Cyberthreat.id – Grup ancaman persisten tingkat lanjut (APT) yang dikenal sebagai StrongPity telah menargetkan pengguna Android dengan versi trojan dari aplikasi Telegram melalui situs web palsu yang menyamar sebagai layanan obrolan video bernama Shagle.

"Situs peniru, meniru layanan Shagle, digunakan untuk mendistribusikan aplikasi backdoor seluler StrongPity. Aplikasi ini adalah versi modifikasi dari aplikasi Telegram sumber terbuka, dikemas ulang dengan kode backdoor StrongPity," kata peneliti malware ESET Lukáš Štefanko dalam laporan teknis seperti dilansir The Hacker News, Rabu (11/1).

StrongPity, juga dikenal dengan nama APT-C-41 dan Promethium, adalah kelompok cyberespionage yang aktif setidaknya sejak tahun 2012, dengan mayoritas operasinya berfokus pada Suriah dan Turki. Keberadaan grup tersebut pertama kali dilaporkan ke publik oleh Kaspersky pada Oktober 2016.

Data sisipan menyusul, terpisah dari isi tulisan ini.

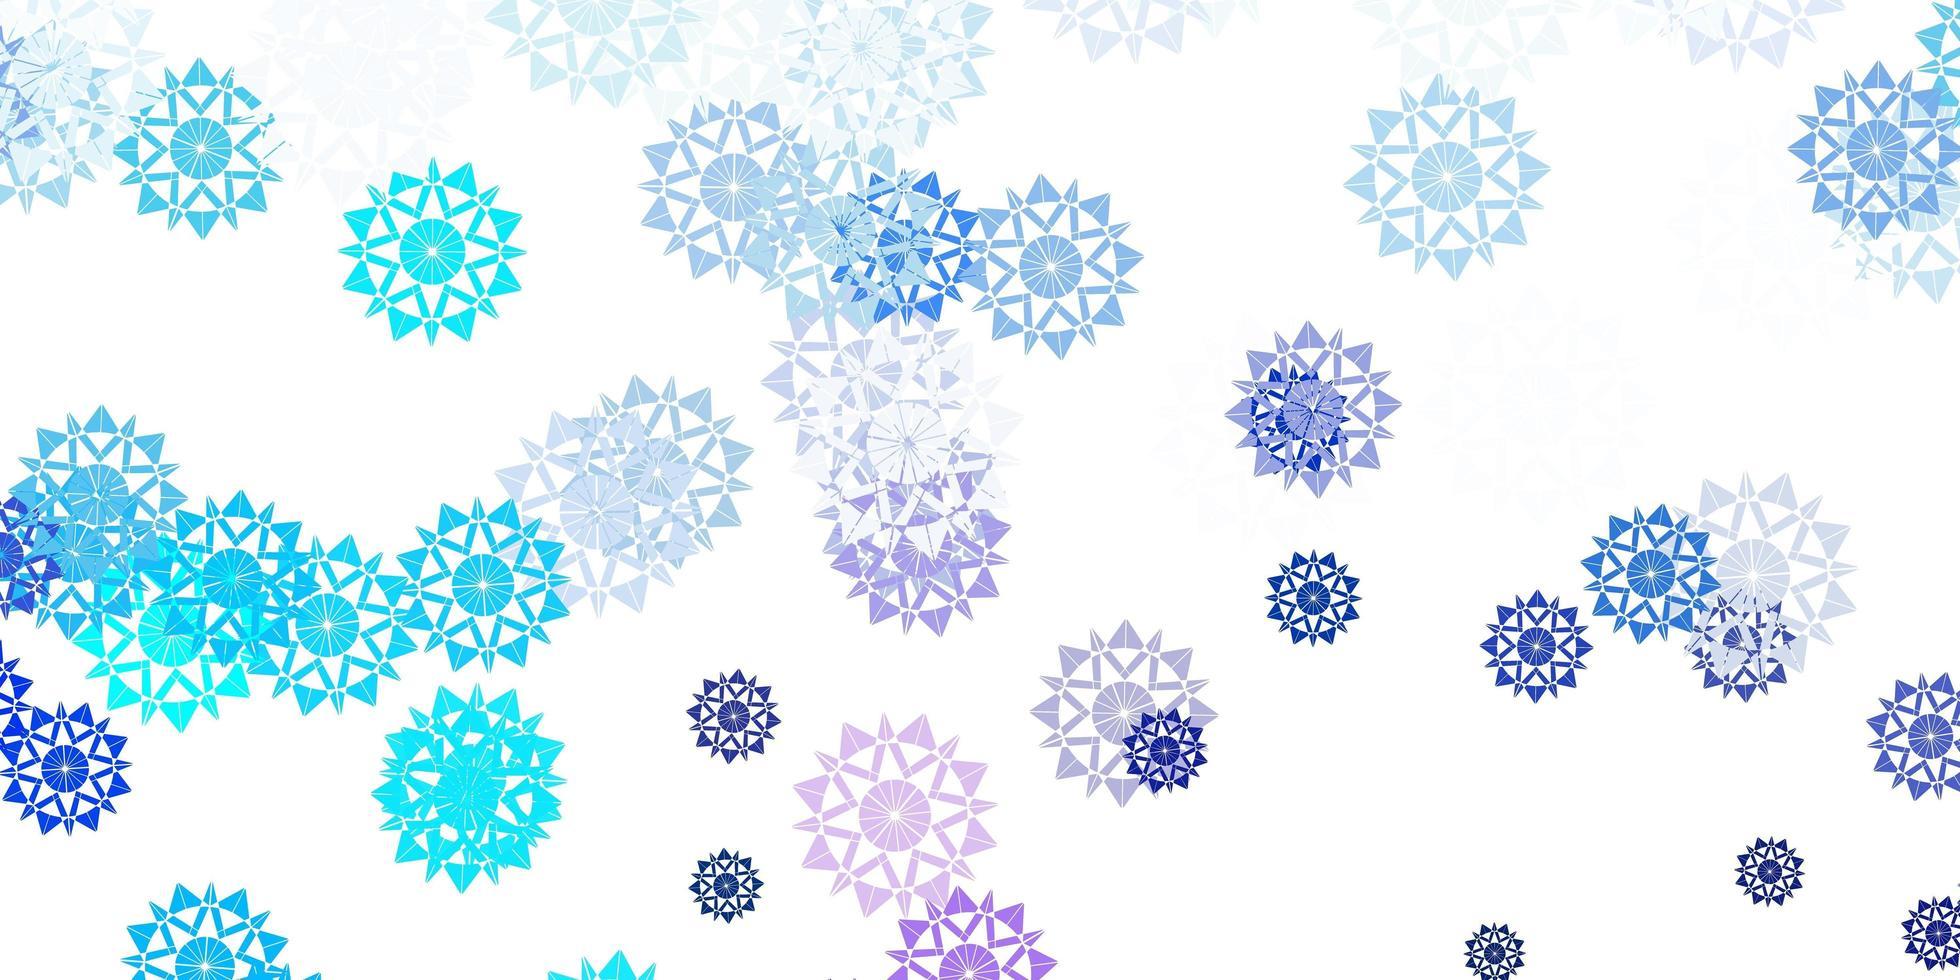 modèle vectoriel rose clair, bleu avec des flocons de neige de glace.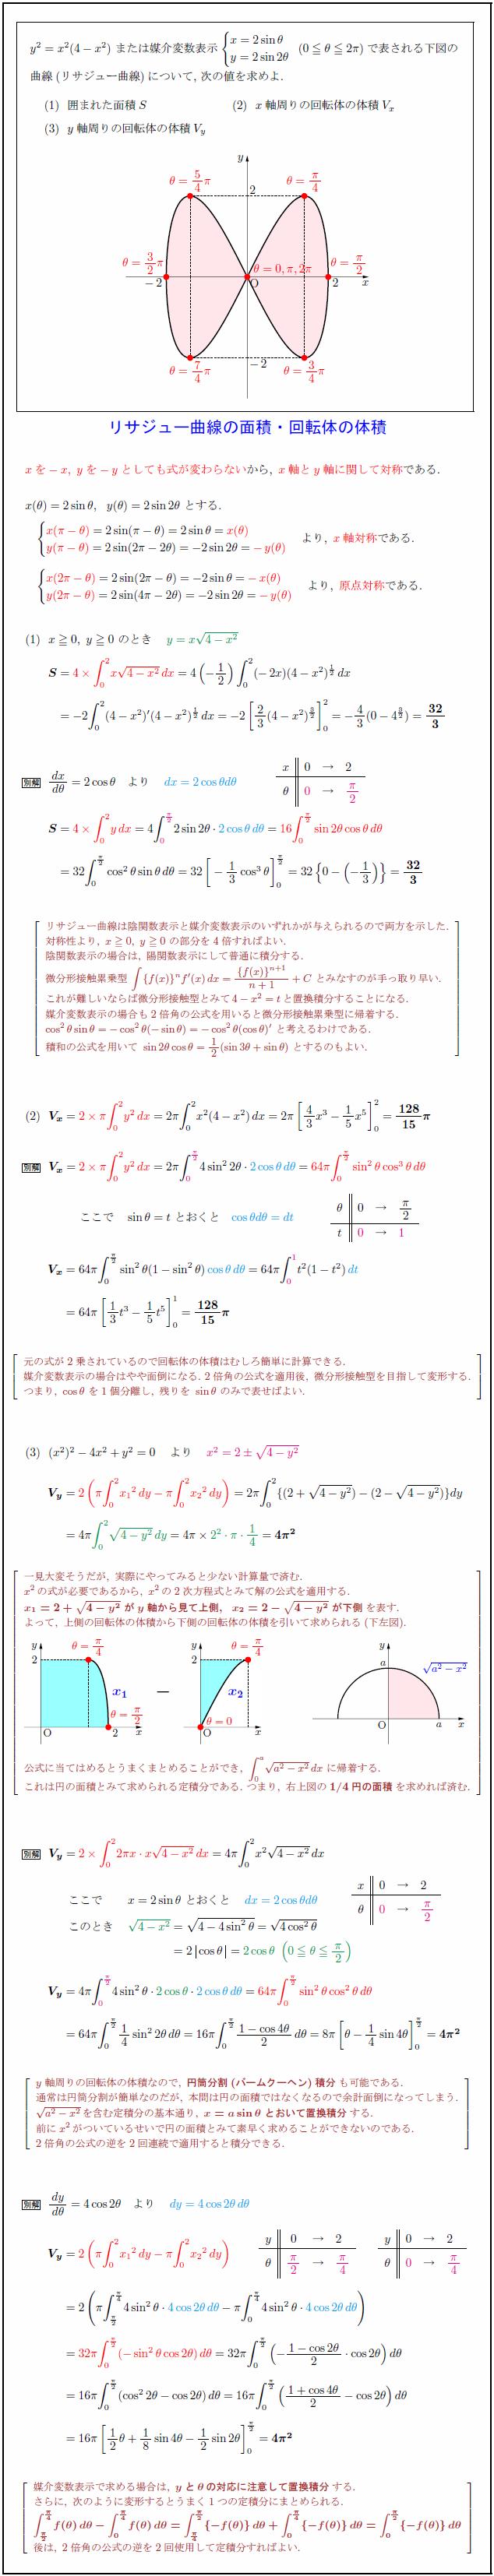 lissajous-curve-svl

Kampanye aktor ancaman sejak itu diperluas untuk mencakup lebih banyak target di seluruh Afrika, Asia, Eropa, dan Amerika Utara, dengan intrusi memanfaatkan serangan lubang air dan pesan phishing untuk mengaktifkan rantai pembunuh.

Salah satu keunggulan utama StrongPity adalah penggunaan situs web palsu yang dimaksudkan untuk menawarkan berbagai macam alat perangkat lunak, hanya untuk mengelabui korban agar mengunduh versi tercemar dari aplikasi sah.

Pada bulan Desember 2021, Minerva Labs mengungkapkan urutan serangan tiga tahap yang berasal dari eksekusi file pengaturan Notepad++ yang tampaknya jinak untuk akhirnya mengirimkan pintu belakang ke host yang terinfeksi.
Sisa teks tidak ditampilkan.